Tissue engineering (TE) offers considerable promise in damaged tissues repair or replacement. Corneal Fibroblasts (CF) result from mesodermal cell extension into optic cap. They participate in the genesis of corneal stroma during the 5th week of embryonic development. We used MSC to generate CF phenotype cells for corneal TE and clinical applications.

Genotype CF, obtained from 8 corneal grafts, were evaluated by genomic profiling of total RNA using microarray analysis (1300 genes). The MSC were isolated from 12 human bone marrows with the magnetic beads separation method. These cells were cultured in specific media. Three weeks later, capacity of CD34+ cells to differentiate into fibroblast like cells was analyzed. The resulting cells were renamed as mesenchymal stem cell “derivated corneal fibroblast-like” (DCFL) cells. Their phenotypes were analysed by imunocytochemistry (ICC) using specific antibodies against CD34, Von Willbrand factor (VWF), 3G5 (CF ganglioside being used as corneal keratocytes marker), stromal derived factor SDF-1 and its receptor CXCR4, VEGF receptors, Aqp 1, and ⍺-SMA. These phenotypes were compared to CF microarray results.
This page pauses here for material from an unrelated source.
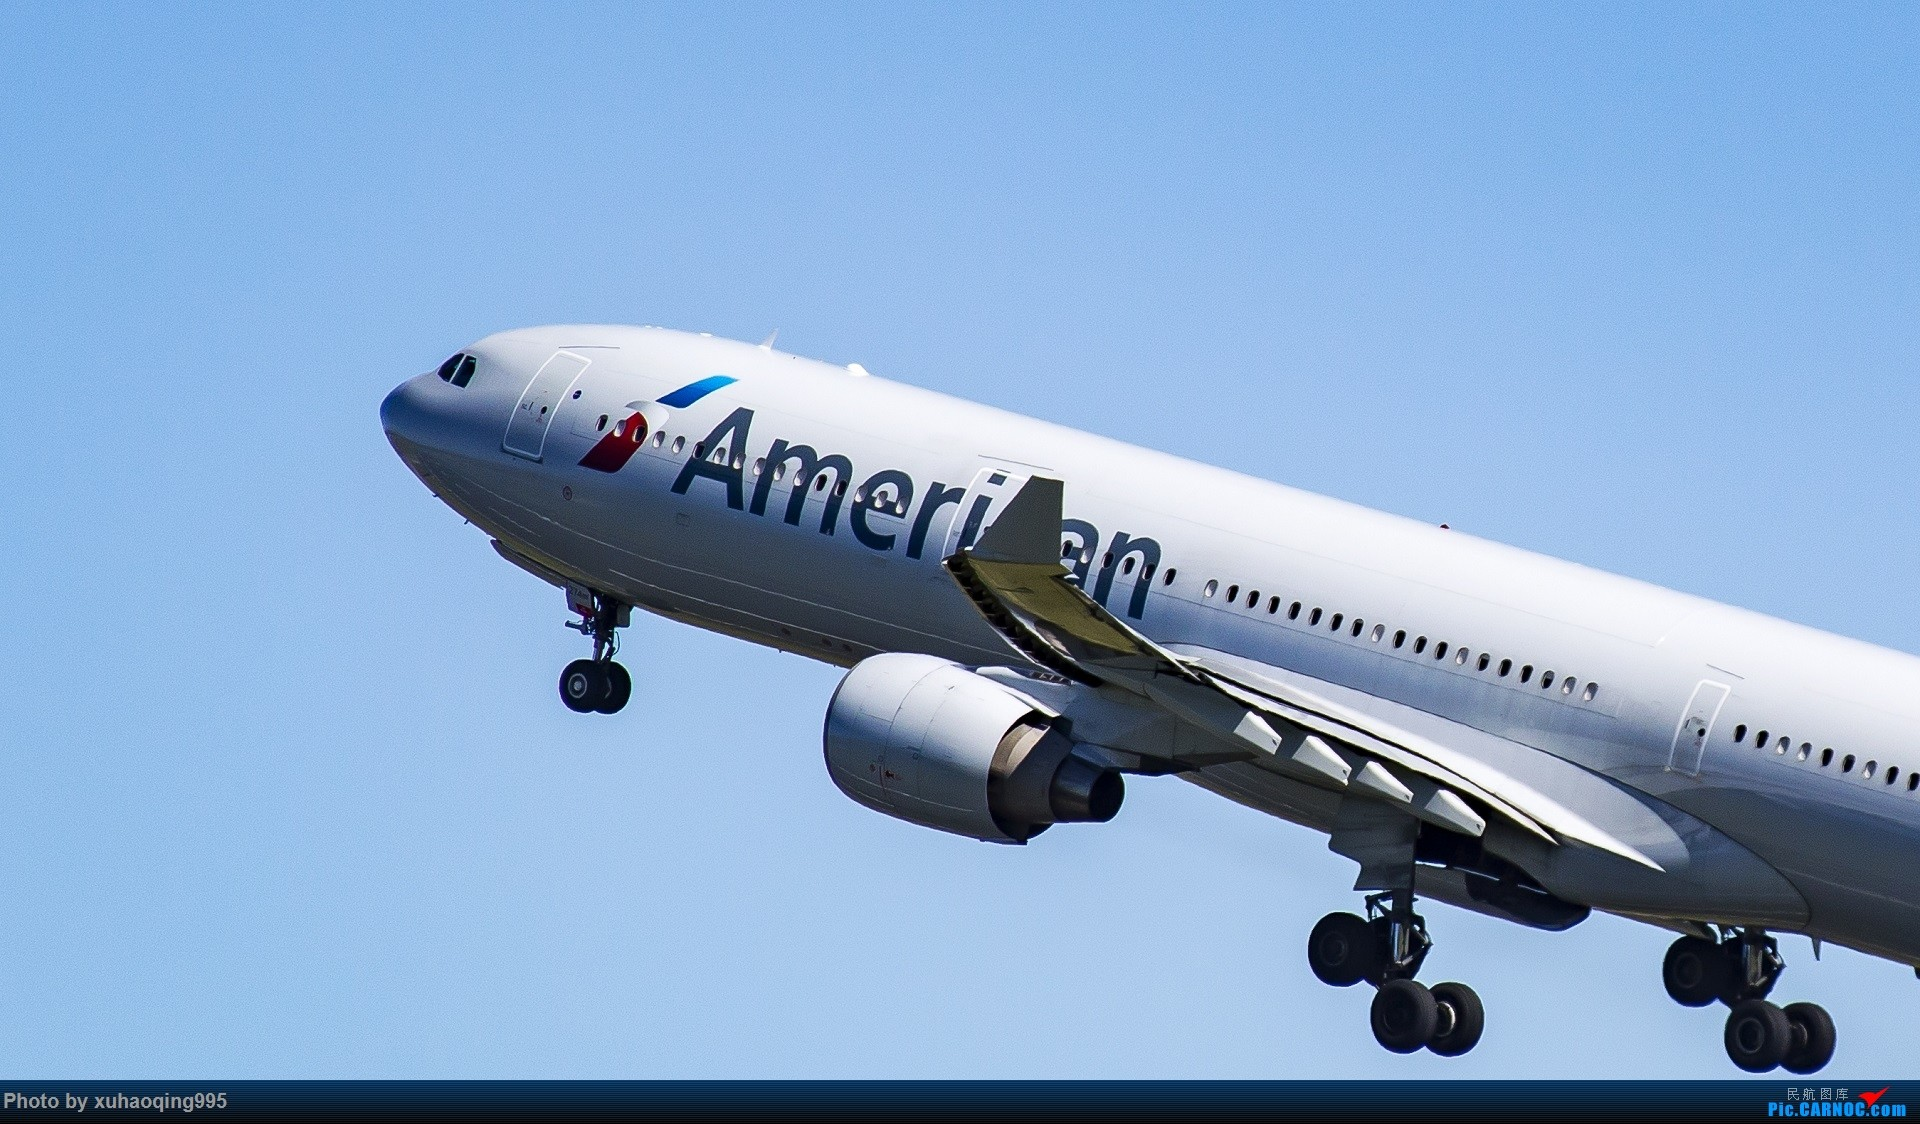 Re:[原创]罗马机场(FCO)拍机 AIRBUS A330-300 N274AY 意大利菲乌米奇诺机场

Microarray indicates corneal fibroblasts expression of SDF1, CXCR4, VEGF C, Flt1 and Flt4 mRNAs. Corresponding proteins were highlighted in corneal fibroblasts and DCFL cells by ICC. Indeed Aquaporin-1, SDF1alpha, CXCR4, VEGF and Flt1 and Flt4 were detected. 3G5 expression was detected on 0,2% DCFL. Both corneal fibroblasts and endothelial cells were stained with anti-alphaSMA antibody whereas only endothelial cells were positive for anti VWF staining. Interestingly, no corneal fibroblasts analysed by gene array (n = 2) and immunohistochemistry (n = 8) expressed CD34⁺.

3G5 antigen is constitutively expressed by cultured human corneal fibroblast and is found in CD34⁺ BMDF cells which suggests the potential for bone marrow to generate CF like cells.

These cells, characterized by surface expression of CXCR4⁺, SDF1- alpha⁺, Flt-4⁺, VEGF-C⁺ and 3G5⁺ should be considered as candidates for corneal tissue engineering.